How Precise Should My McLaurin Series Be?

[Dafydd]

Homework Statement

I have a problem with McLaurin series. I never know when to stop. How do I know if O(x³) is adequate, or O(x⁵)?

Let's take this exam question as an example.

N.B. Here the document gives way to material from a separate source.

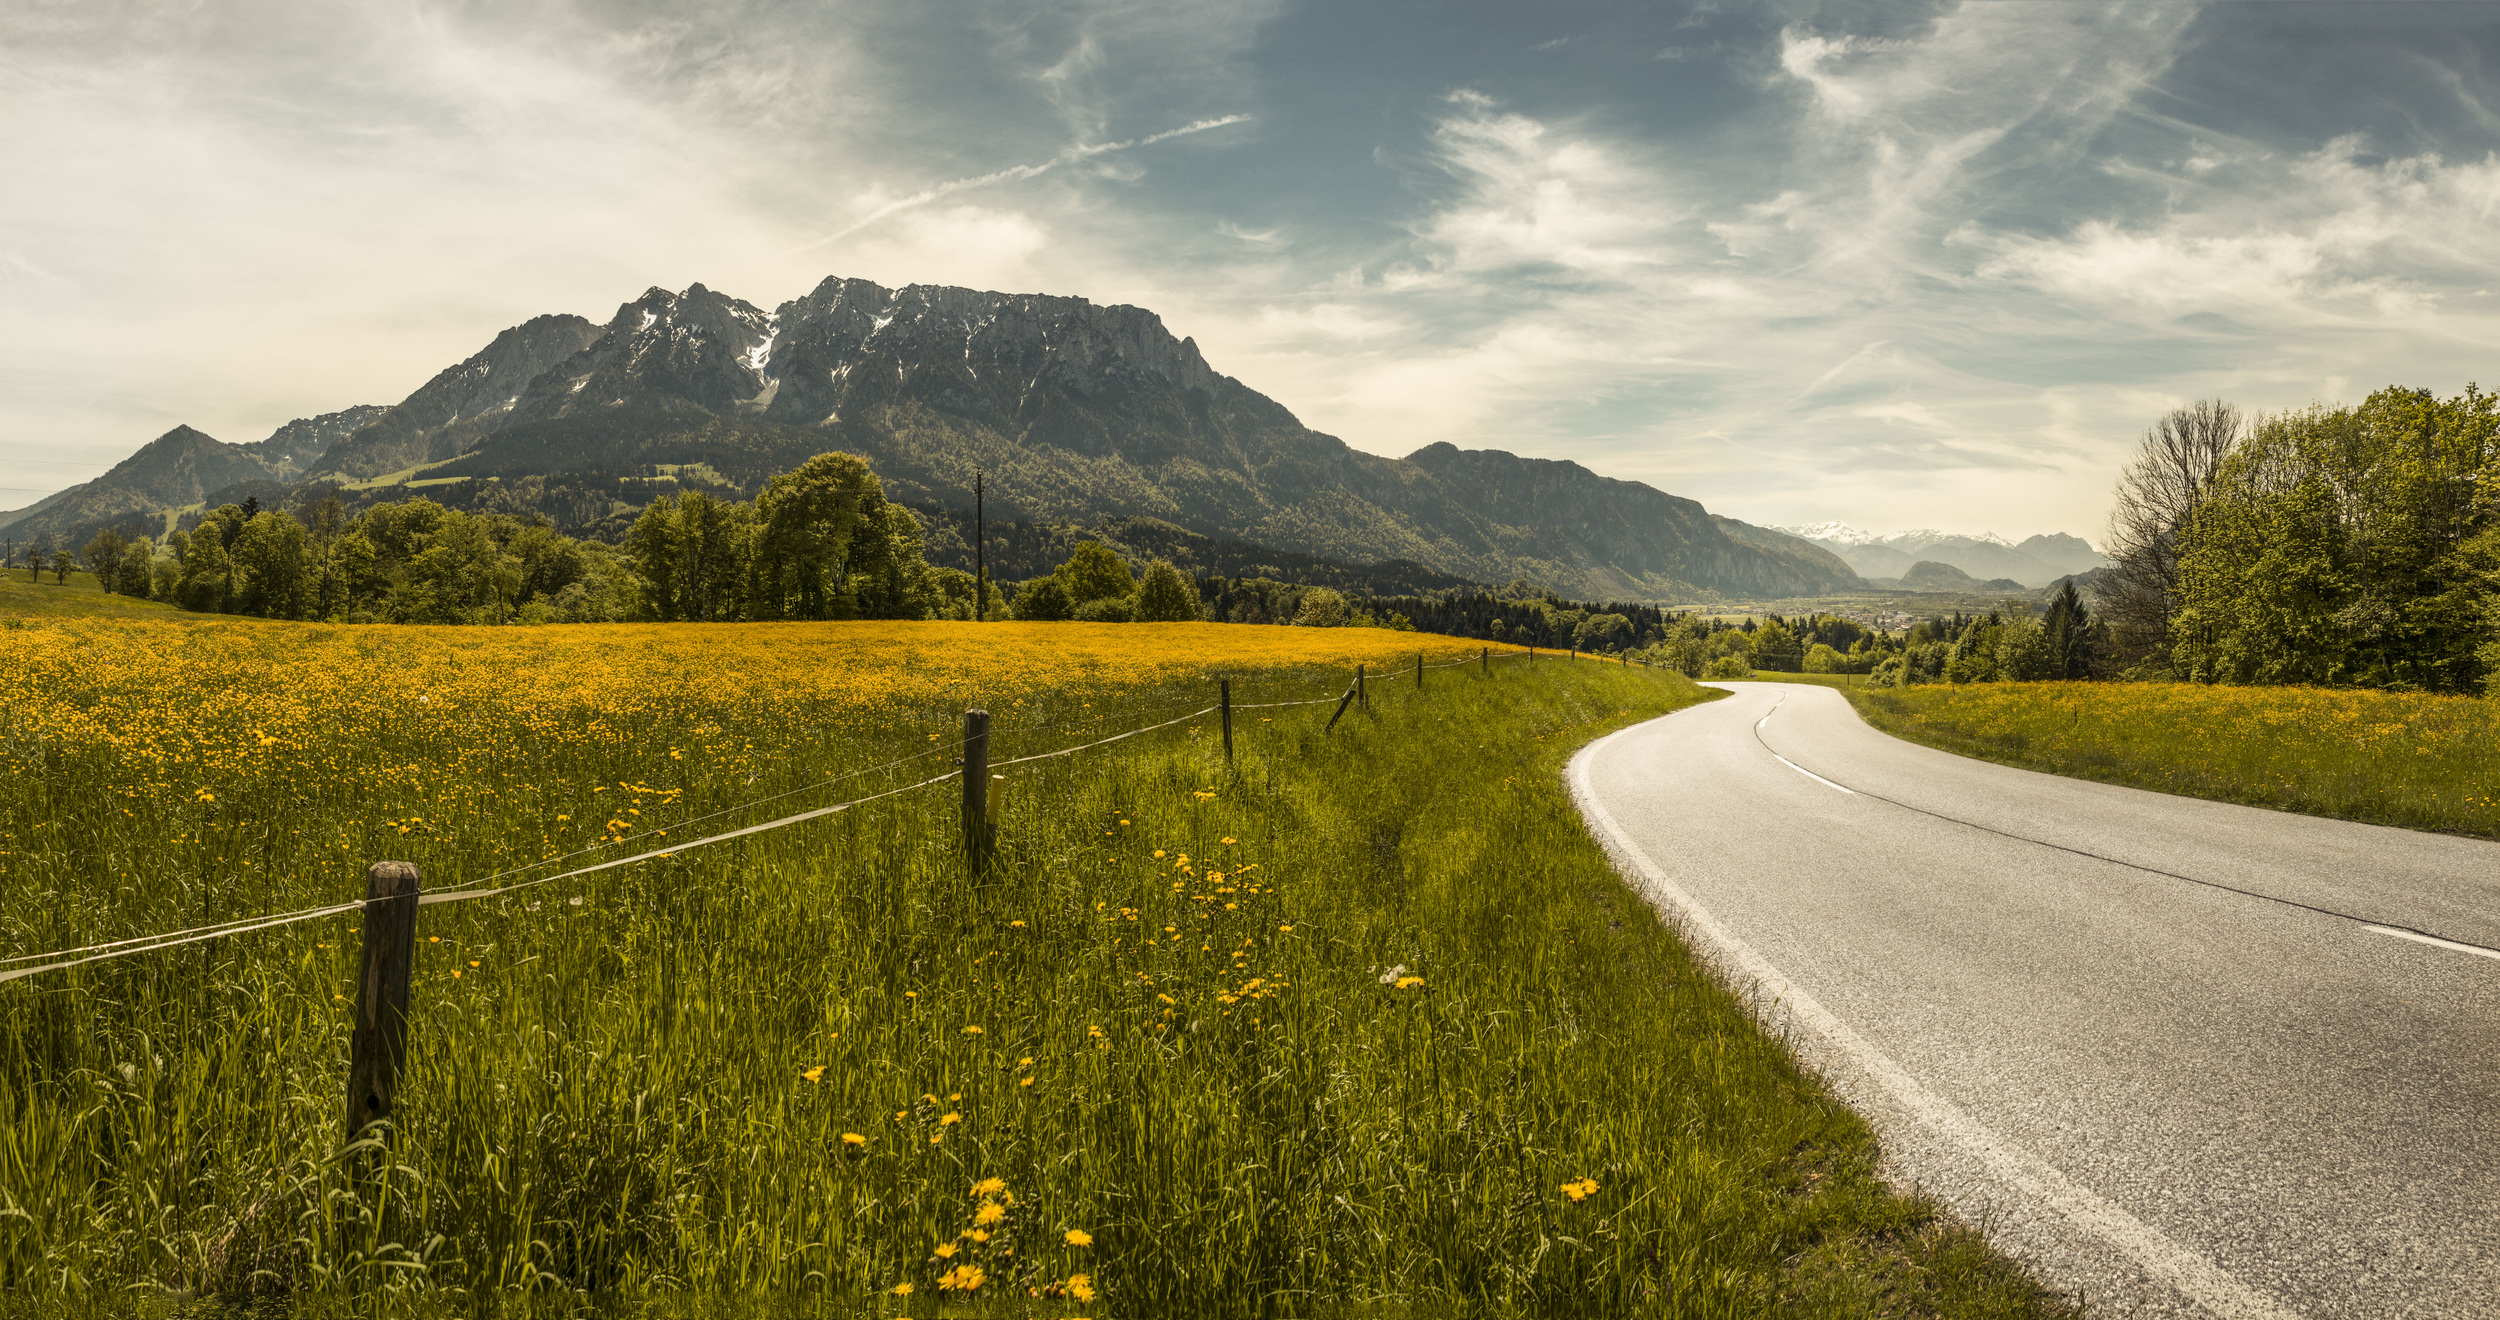 Tyrolean_Alps_finalsmall.jpg

$$\lim_{x \to 0} \frac{(x+1)e^x -1-2x}{cosx-1}$$
$$\frac{(x+1)e^x -1-2x}{cosx-1} = \frac{(x+1)(1+x+\frac{x^2}{2!}+...) -1-2x}{1-\frac{x^2}{2!}+...-1} =$$
$$\frac{(1+2x+\frac{3x^2}{2}+O(x^3) -1-2x}{-\frac{x^2}{2}+O(x^4)} =$$
$$\frac{\frac{3x^2}{2}+O(x^3)}{-\frac{x^2}{2}+O(x^4)} =<br /> \frac{\frac{3}{2}+O(x^3)}{-\frac{1}{2}+O(x^4)} = -3$$

How do I know to stop at O(x³) for e^x and at O(x⁴) for cosx? Any tactics?

Homework Equations

$$e^x = 1+x+\frac{x^2}{2!}+\frac{x^3}{3!}+...+ \frac{x^n}{n!}+O(x^{n+1})$$
$$cosx = 1+x+\frac{x^2}{2!}+\frac{x^4}{4!}+...+(-1)^{n-1} \frac{x^{2n}}{2n!}+O(x^{2n+2})$$

The Attempt at a Solution

...?

 

[Hurkyl]

I have a problem with McLaurin series. I never know when to stop. How do I know if O(x³) is adequate, or O(x⁵)?

The application tells you.

If you're looking to approximate the value of a function, you use the Taylor remainder theorem (or similar) to compute how many terms you need.

In this application you had in your post, you note that

$$\lim_{x \rightarrow 0} \frac{O(x^2)}{O(x^2)}$$

is undetermined, so the first-order approximation is inadequate.